Des loyers étant demeurés impayés, [Localité 5] Habitat-OPH a fait délivrer un commandement de payer visant la clause résolutoire, par acte de commissaire de justice en date du 3 mars 2025, à la société Titty coiffure, pour une somme en principal de 10.083, 59 euros au titre des loyers et charges impayés selon décompte arrêté au 25 février 2025.
Se prévalant de l’acquisition de la clause résolutoire, par acte de commissaire de justice en date du 26 mai 2025, Paris Habitat-OPH a fait assigner la société Titty coiffure devant le président du tribunal judiciaire de Paris, statuant en référé, au visa de l’article L. 145-41 du code de commerce, aux fins de voir :
« 1°)- CONSTATER que le Preneur n’a pas réglé à [Localité 5] HABITAT-OPH ses loyers et charges dans le délai prescrit
— CONSTATER l’acquisition de la clause résolutoire pour défaut de paiement du loyer et des charges locatives,
EN CONSÉQUENCE :
— ORDONNER, l’expulsion de la Société TITTY COIFFURE ainsi que celle de tout occupant de son chef, des lieux donnés à bail, avec au besoin, l’assistance de la force publique et d’un serrurier, s’il y a lieu, sous astreinte de 150 Euros par jour de retard à compter du prononcé de l’Ordonnance jusqu’au départ définitif ;
— DIRE que le sort des meubles sera régi conformément aux dispositions des articles L. 433-1 et L. 433-2 du Code des Procédures civiles d’Exécution ;
2°)- CONDAMNER à titre provisionnel la Société TITTY COIFFURE au paiement de la somme de 12 966, 17 Euros suivant décompte arrêté au terme du 2ème trimestre 2025 inclus, assortie des intérêts au taux des avances sur titres de la BANQUE DE France majoré de deux points à compter du 3 mars 2025, date du commandement de payer,
3°)- AUTORISER [Localité 5] HABITAT-OPH à conserver le dépôt de garantie à titre d’indemnité contractuelle et provisionnelle de résiliation anticipée du bail, en application des articles 7 et 19 du contrat de bail ;
4°)- CONDAMNER à titre provisionnel la Société TITTY COIFFURE à une indemnité mensuelle d’occupation égale au « montant du loyer contractuellement en vigueur, majoré de vingt pour cent (20%) outre les charges et taxes » en application de l’alinéa 6 de l’article « 19 CLAUSE RESOLUTOIRE » qui sera perçue dans les mêmes conditions et aux mêmes dates que le loyer prévu au bail et qui subira les mêmes majorations, à compter du mois de juillet 2025, à titre de réparation du préjudice subi jusqu’à la libération effective des lieux par remise des clés.

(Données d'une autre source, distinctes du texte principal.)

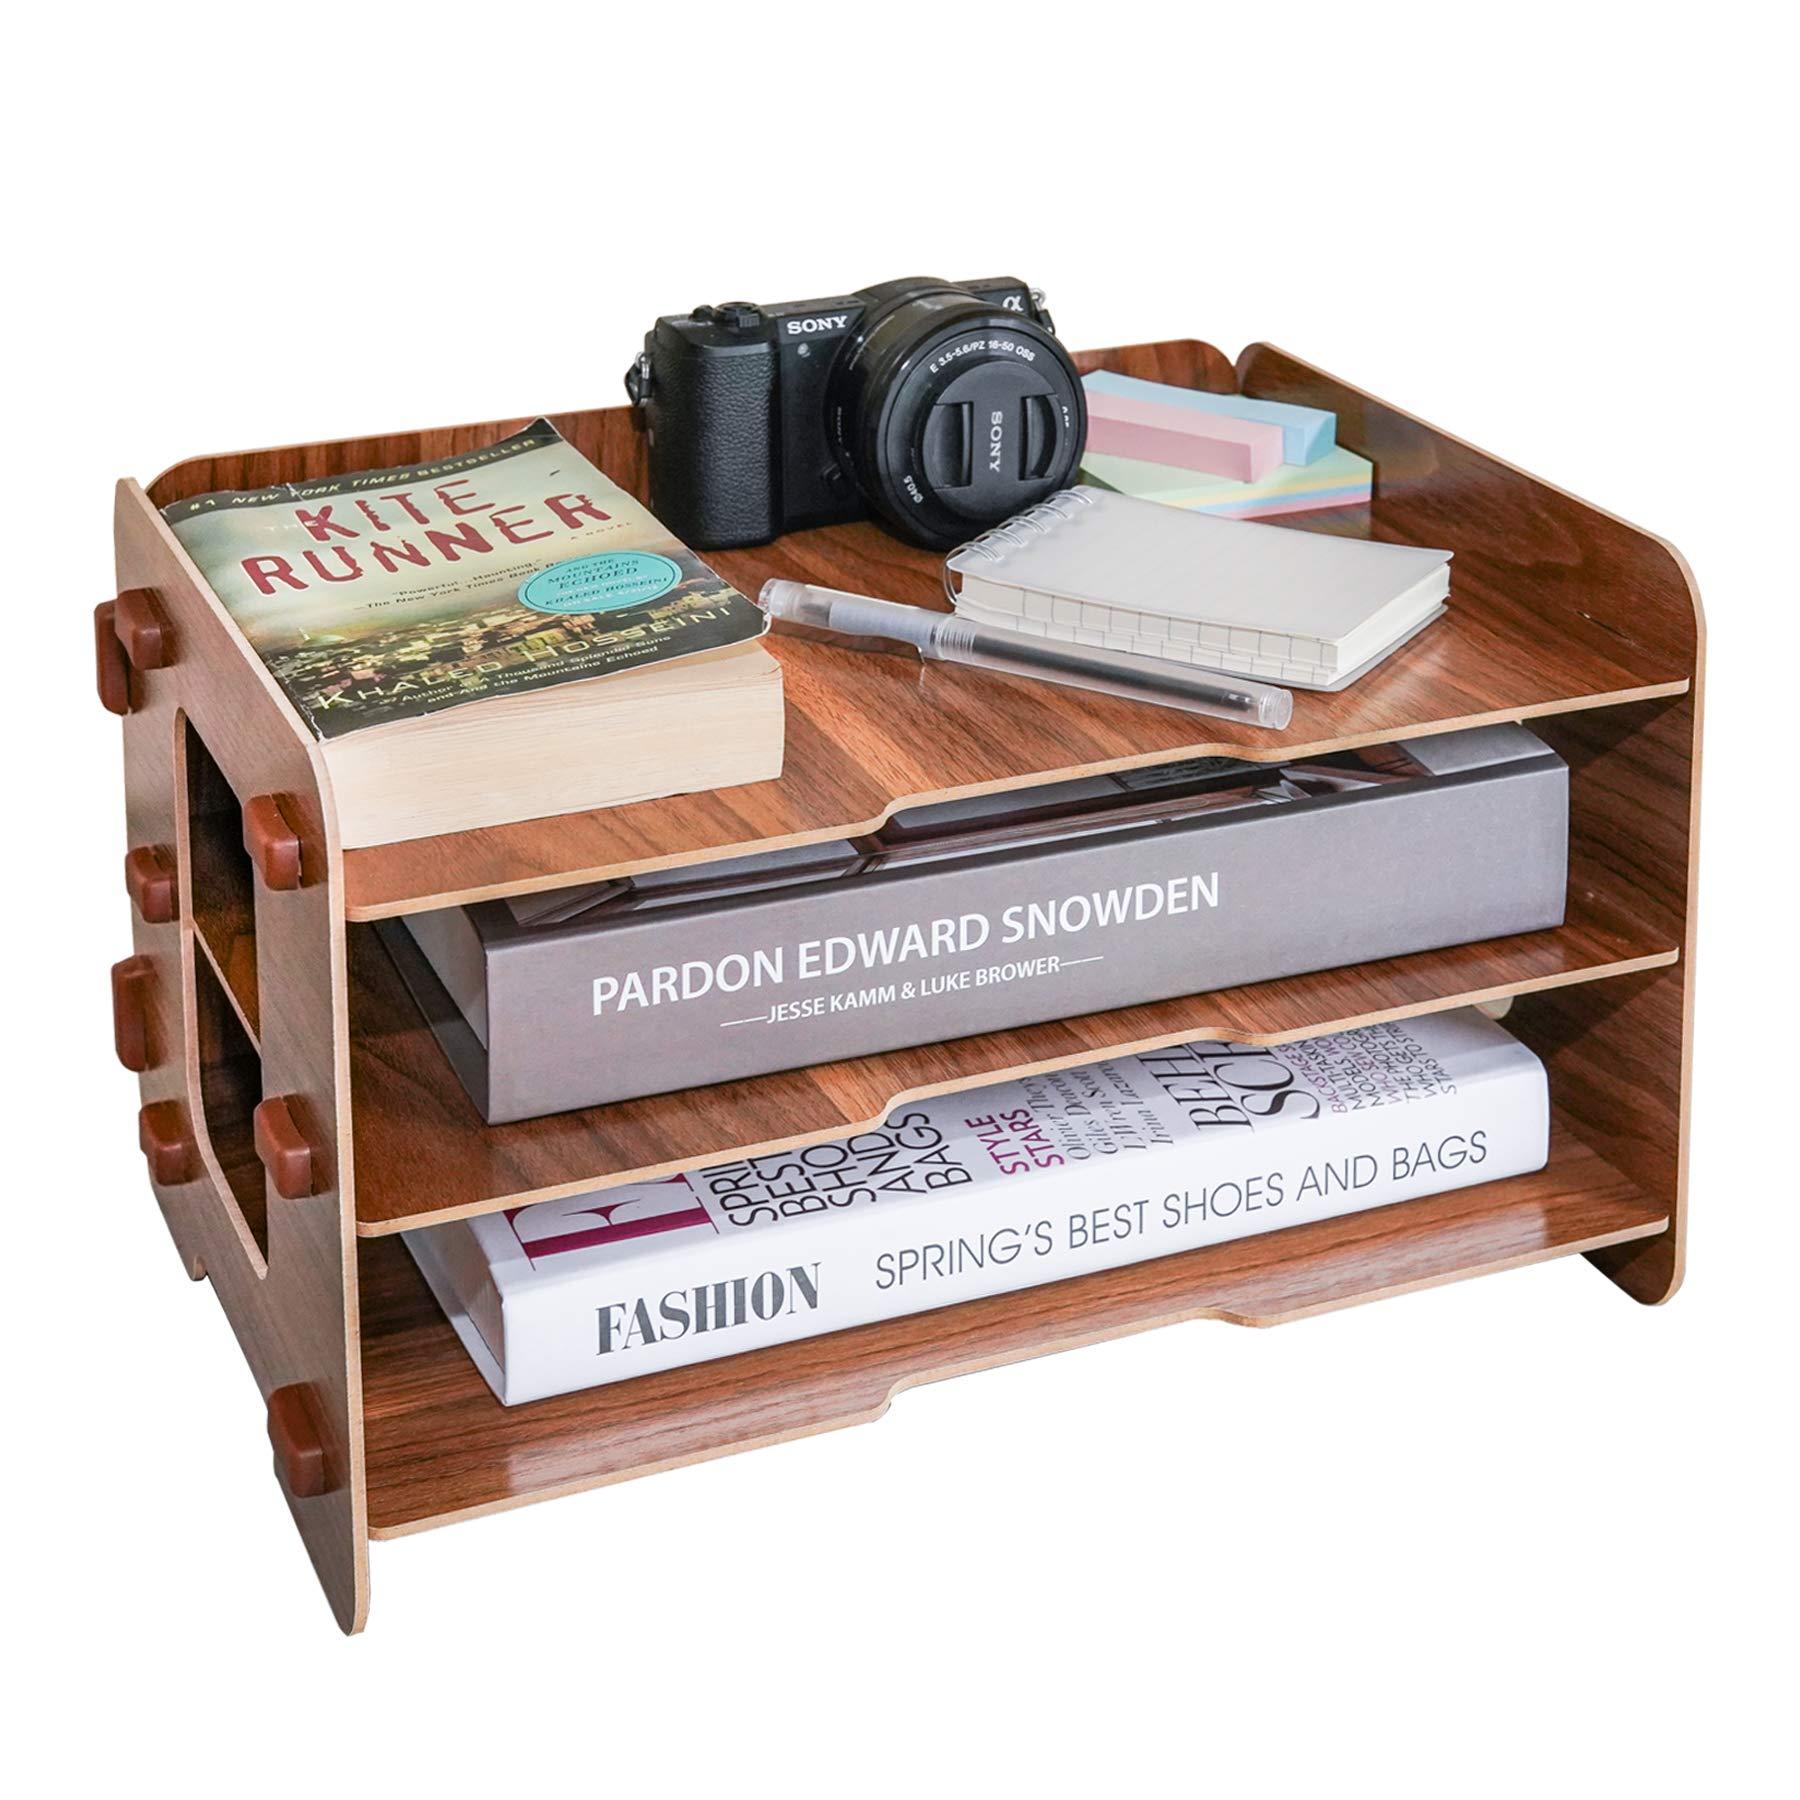 3 Layer Wood File Tray / 3 Tier Desk Organizer/Desktop Letter Tray Organizer/Files and Folder Tray/Paper Stacking Trays/Filing Organizer/Letter and Paper Organizer (Black Walnut Color)

5°)- CONDAMNER la Société TITTY COIFFURE à payer la somme de 1.000 Euros sur le fondement de l’article 700 du Code de Procédure civile.
6°)- CONDAMNER la Société TITTY COIFFURE aux entiers dépens, en ce compris les frais des commandements de payer, de l’assignation, de sa dénonciations, des frais de levée des états d’inscriptions et d’extrait KBIS. »
L’état des privilèges et publications ne mentionne aucun créancier inscrit sur le fonds de commerce.
A l’audience qui s’est tenue le 4 septembre 2025, [Localité 5] Habitat OPH a, par l’intermédiaire de son conseil, maintenu les prétentions de son exploit introductif d’instance et les moyens qui y sont contenus.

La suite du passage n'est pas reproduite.